Lorsque tous les obstacles furent levés, donna Violetta parut redouter de s’expliquer ; son visage changea de couleur, et elle chercha un encouragement dans les yeux de sa compagne attentive et surprise. Cependant comme cette dernière ignorait les intentions de la jeune fille, son visage ne pouvait exprimer que cette sympathie qu’une femme refuse rarement à une personne de son sexe lorsqu’elle paraît l’invoquer. Violetta combattit cette timide défiance ; puis riant de son peu de courage, elle dit avec fierté :

— Vous savez, signor Gradenigo, que je suis d’une famille distinguée depuis des siècles dans l’État de Venise ?
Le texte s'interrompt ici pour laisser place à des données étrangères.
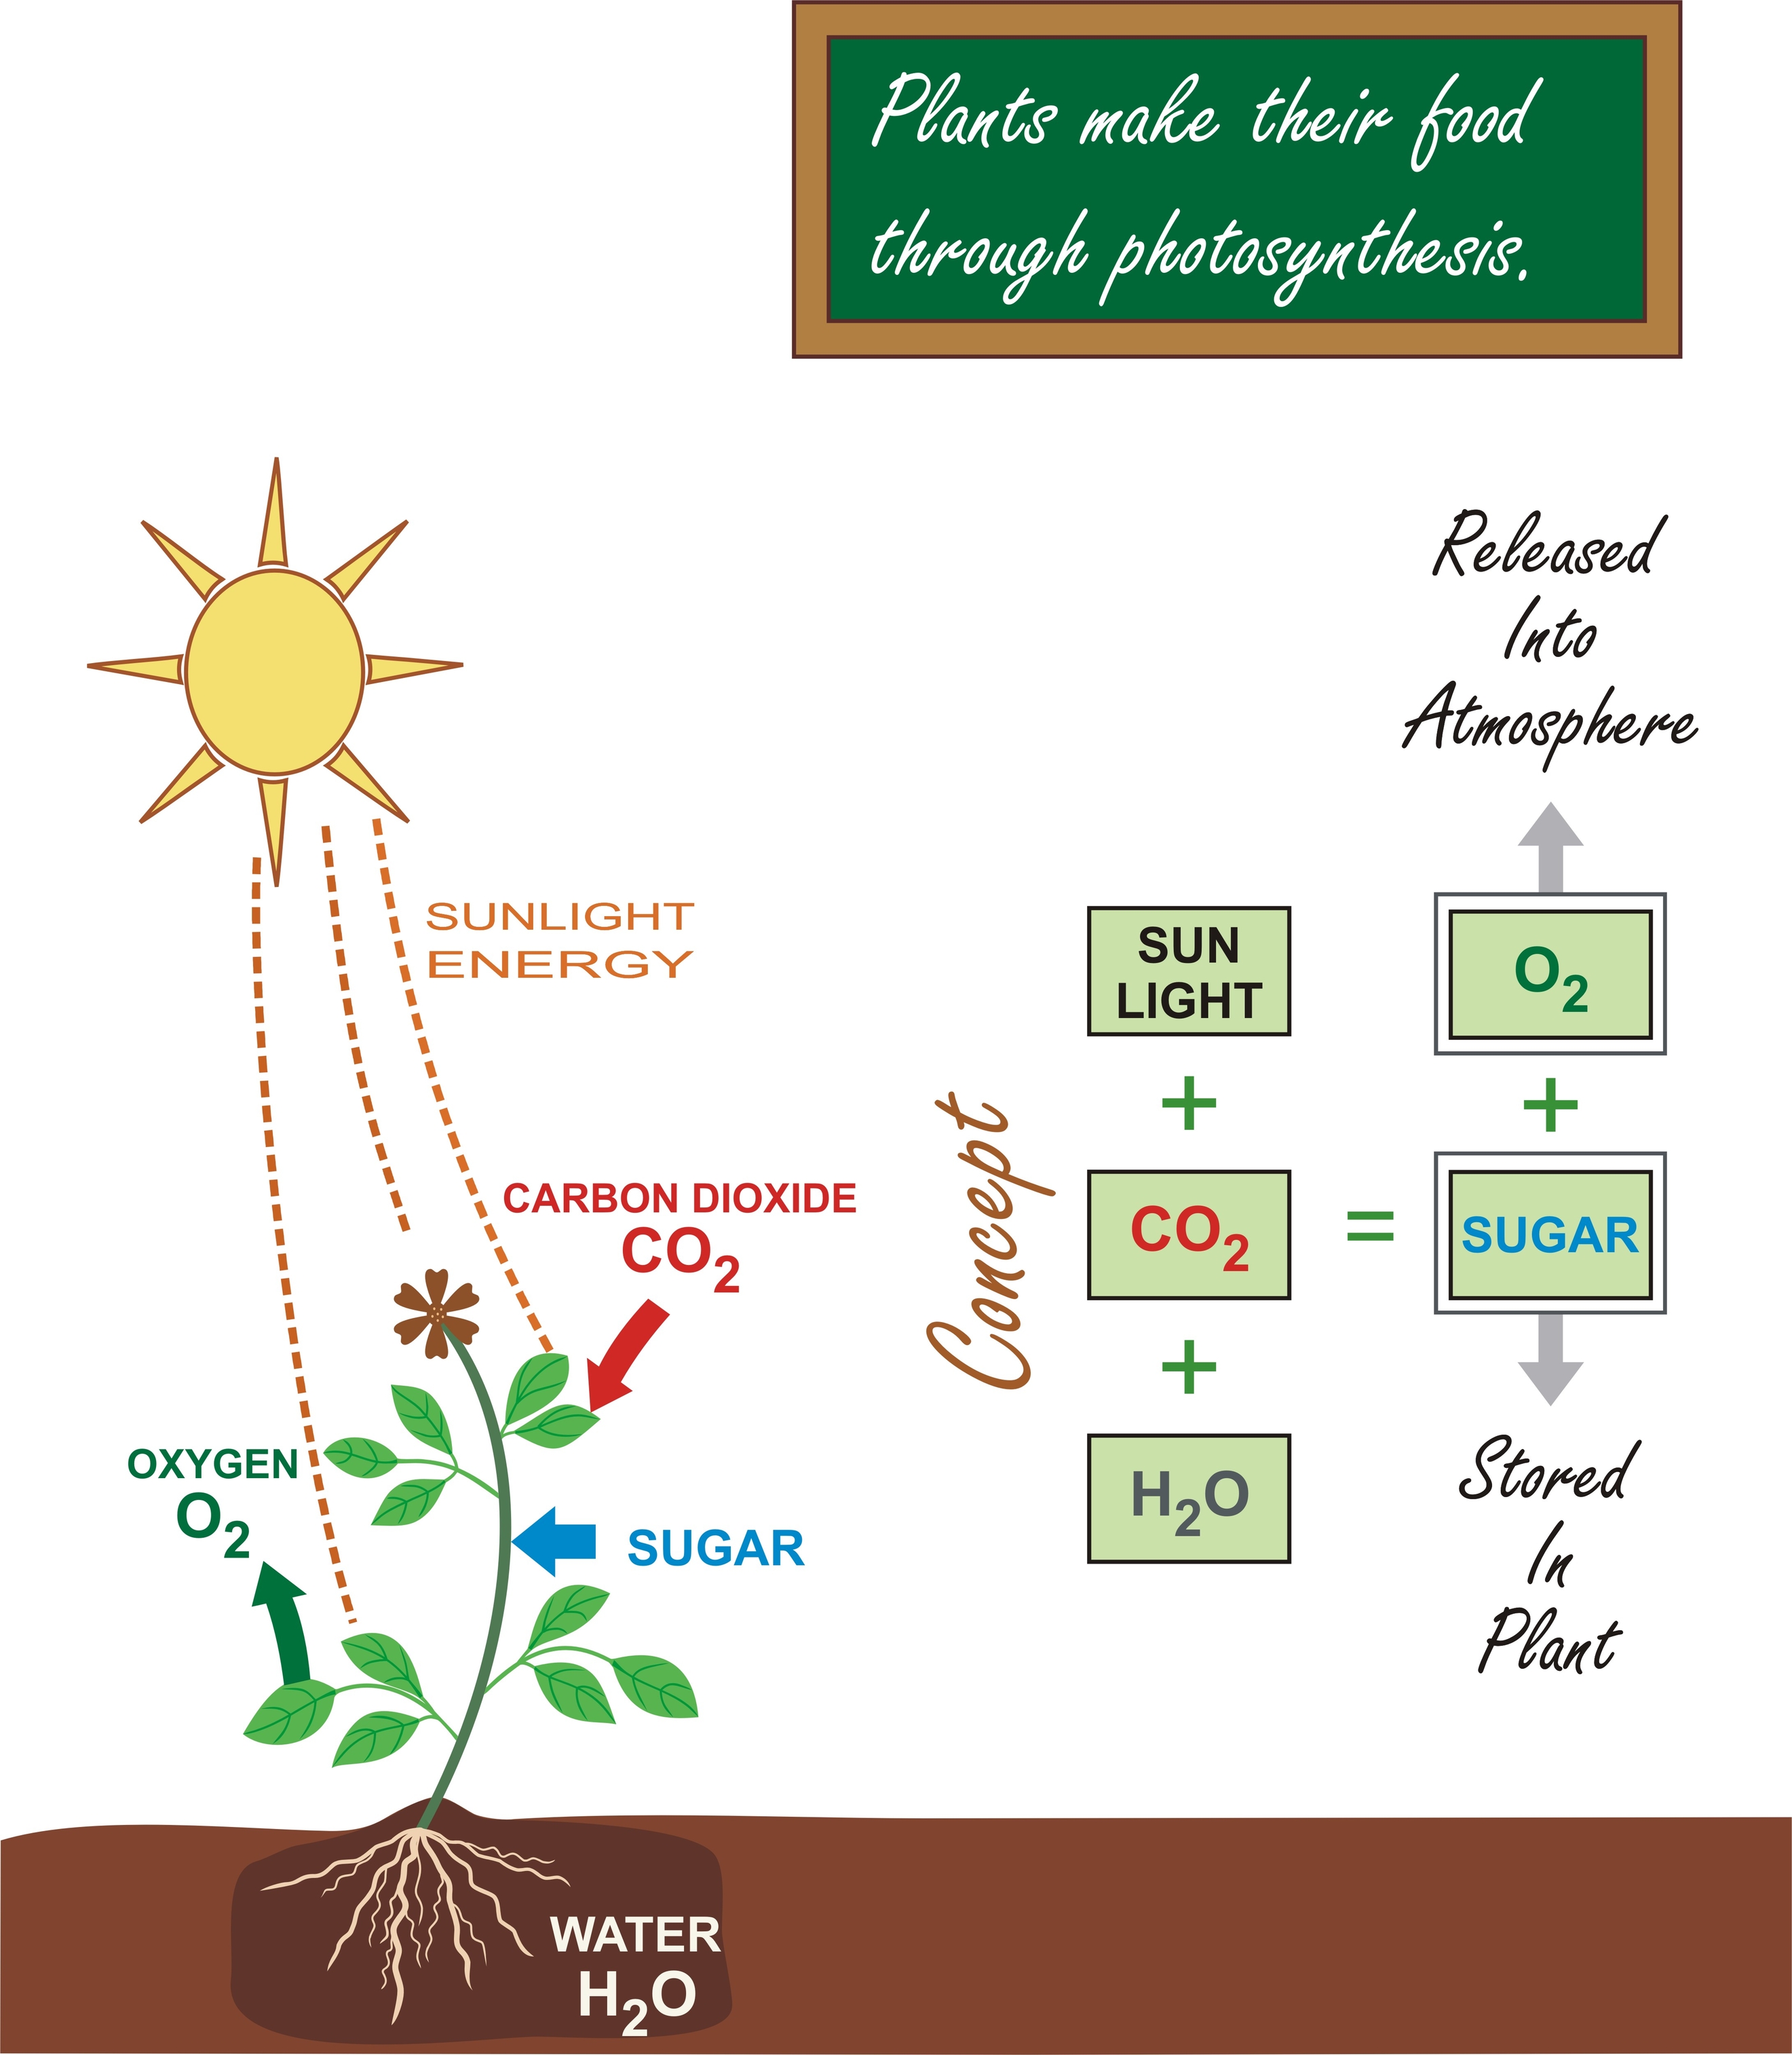 research article about photosynthesis

— Ainsi le dit notre histoire.

— Que je porte un nom connu depuis longtemps, et que je dois conserver pur de toute tache ?

— Cela est si vrai qu’il est presque inutile de le rappeler, répondit sèchement le sénateur.

— Et cependant, douée de la fortune ainsi que de la naissance, j’ai reçu un service qui n’est point encore récompensé d’une manière qui puisse faire honneur à la maison de Tiepolo.

— Cela devient sérieux. Donna Florinda, notre pupille est plus émue qu’intelligible, et c’est à vous que je dois demander une explication. Il ne convient pas qu’elle reçoive de qui que ce soit des services de cette nature.

— Quoique je ne sois pas préparée à la question que vous me faites, je répondrai que je crois qu’il est question de sa vie.

Le visage du signer Gradenigo prit une sombre expression.

— Je vous comprends, dit-il froidement. Il est vrai, ajouta-t-il en s’adressant à sa pupille, que le Napolitain vola à ton secours lorsque ton oncle de Florence eut le malheur de périr. Mais don Camillo de Monforte n’est point un gondolier du Lido pour être récompensé comme celui qui retrouve une bagatelle tombée dans un des canaux. Tu as remercié le cavalier ; je crois que c’est tout ce qu’une noble fille peut faire dans une telle circonstance.

— Je l’ai remercié de toute mon âme, il est vrai ! s’écria Violetta avec une espèce de ferveur ; lorsque j’oublierai ce service, que la vierge Marie et les saints m’oublient à mon tour !

— Je crois, signora Florinda ; que votre pupille a passé plus de temps au milieu des romans de la bibliothèque de son père qu’elle n’en a consacré à lire ses Heures.

Les regards de Violetta brillèrent d’un nouveau feu, et elle glissa son bras autour de la taille de sa tremblante compagne qui se couvrit de son voile en écoutant ce reproche, quoiqu’elle dédaignât de répondre.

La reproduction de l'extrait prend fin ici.